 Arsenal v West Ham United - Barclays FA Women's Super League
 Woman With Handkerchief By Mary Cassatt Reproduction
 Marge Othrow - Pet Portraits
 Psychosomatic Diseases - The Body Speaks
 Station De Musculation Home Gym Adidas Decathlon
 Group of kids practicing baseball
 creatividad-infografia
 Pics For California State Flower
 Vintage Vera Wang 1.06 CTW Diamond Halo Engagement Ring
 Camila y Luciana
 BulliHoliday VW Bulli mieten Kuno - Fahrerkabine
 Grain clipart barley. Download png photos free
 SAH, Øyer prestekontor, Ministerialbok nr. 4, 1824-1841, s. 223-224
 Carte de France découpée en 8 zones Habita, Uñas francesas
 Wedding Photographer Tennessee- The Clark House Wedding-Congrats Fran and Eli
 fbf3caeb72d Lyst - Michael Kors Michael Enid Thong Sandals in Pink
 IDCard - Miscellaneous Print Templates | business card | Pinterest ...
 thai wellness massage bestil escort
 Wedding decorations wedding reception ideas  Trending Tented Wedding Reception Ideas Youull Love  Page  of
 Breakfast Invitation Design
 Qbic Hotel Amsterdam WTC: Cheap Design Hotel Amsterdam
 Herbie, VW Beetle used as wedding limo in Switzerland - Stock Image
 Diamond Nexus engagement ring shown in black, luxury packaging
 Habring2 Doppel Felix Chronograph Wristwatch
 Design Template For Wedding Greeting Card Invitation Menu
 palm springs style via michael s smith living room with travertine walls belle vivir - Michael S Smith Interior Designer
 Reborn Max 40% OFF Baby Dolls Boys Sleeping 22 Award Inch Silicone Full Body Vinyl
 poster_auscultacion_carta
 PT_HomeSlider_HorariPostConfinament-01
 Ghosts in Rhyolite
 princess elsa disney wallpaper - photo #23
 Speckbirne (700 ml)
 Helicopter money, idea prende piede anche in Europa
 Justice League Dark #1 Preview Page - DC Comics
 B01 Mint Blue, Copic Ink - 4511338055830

What you need to do:
Reproduce the listing from the "Design Template For" line onward, verbatim.

Result below:
 Design Template For Wedding Greeting Card Invitation Menu
 palm springs style via michael s smith living room with travertine walls belle vivir - Michael S Smith Interior Designer
 Reborn Max 40% OFF Baby Dolls Boys Sleeping 22 Award Inch Silicone Full Body Vinyl
 poster_auscultacion_carta
 PT_HomeSlider_HorariPostConfinament-01
 Ghosts in Rhyolite
 princess elsa disney wallpaper - photo #23
 Speckbirne (700 ml)
 Helicopter money, idea prende piede anche in Europa
 Justice League Dark #1 Preview Page - DC Comics
 B01 Mint Blue, Copic Ink - 4511338055830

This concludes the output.